Call Of Duty: WWII Review

Let’s be honest, dialling the series back to World War II wasn’t going to solve everything for Call of Duty, even with a drastic change in setting and Sledgehammer Games at the helm. One yearly instalment after the next has led to increasing fatigue and indifference, especially with other shooters such asOverwatch, Rainbow Six: Siege, and PlayerUnknown’s Battlegrounds taking the genre in a new direction.

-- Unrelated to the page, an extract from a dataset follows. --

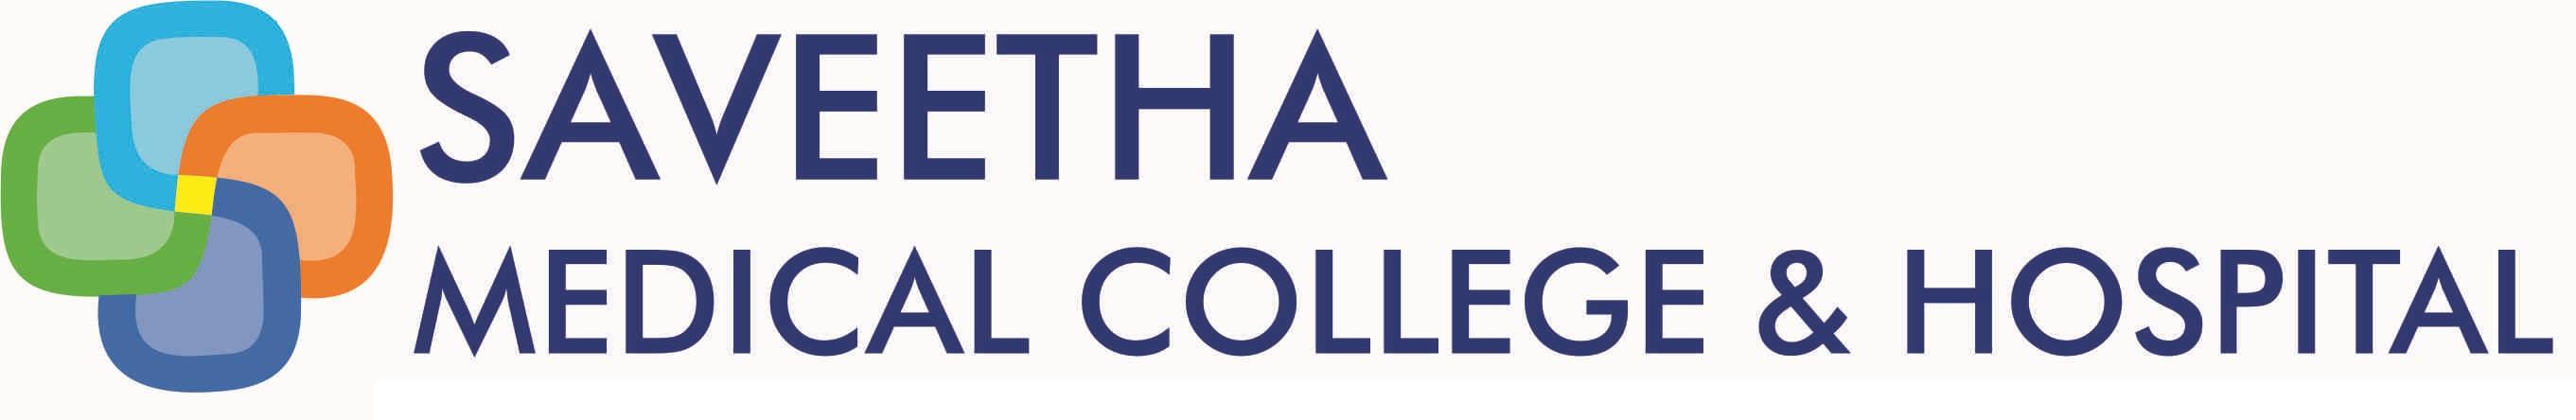 Saveetha Medical College Hospital
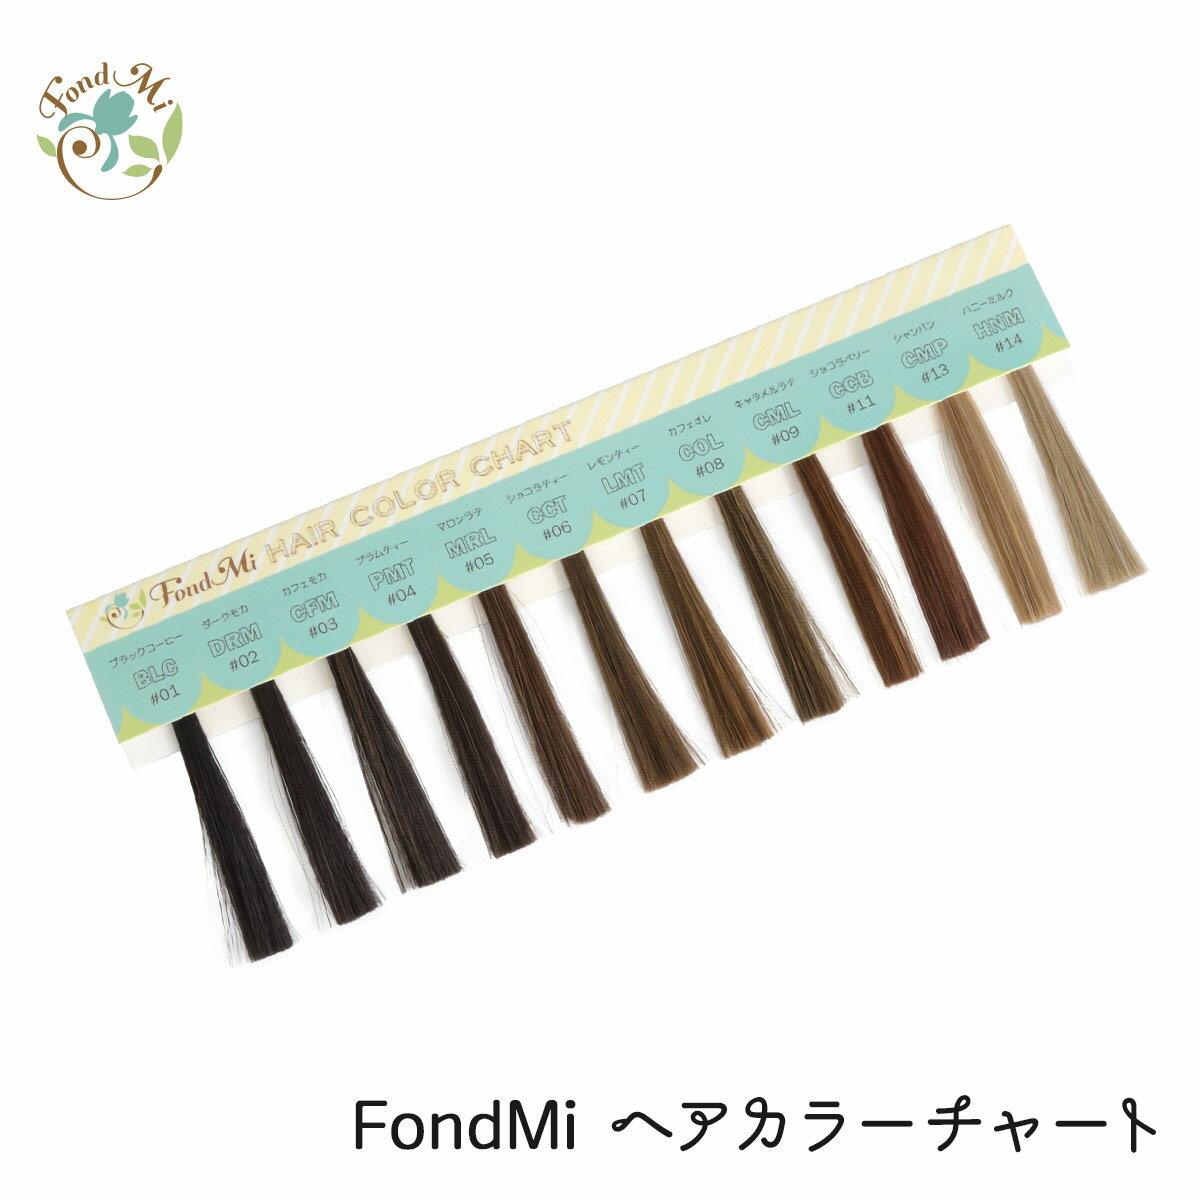 FondMi ヘアカラーチャート DM便送料無料 全12色 ウィッグ、エクステ用カラーサンプル カラー見本 フォンドミィ

For many gamers out there Call of Duty is still a yearly event and those who have stuck with the series for the past decade or so will have no doubt had mixed feelings about WWII’s announcement. On one hand it’s a nostalgic return to the series’ roots and a potential breath of fresh air, but on the other, it strips away the energised, futuristic formula recent instalments have become known for. Sledgehammer will certainly bring lapsed fans back into the fold, but the game brings problems of its own.

Kicking off the campaign is a gritty death march on the shores of Normandy beach. It’s a bloody, brutal affair that sees Private Ronald “Red” Daniels and his squad push through a storm of machine gun as they advance upon the German bunkers. From there, Call of Duty’s campaign takes you on a tour through central Europe as the Allies battle and eventually break the Axis powers.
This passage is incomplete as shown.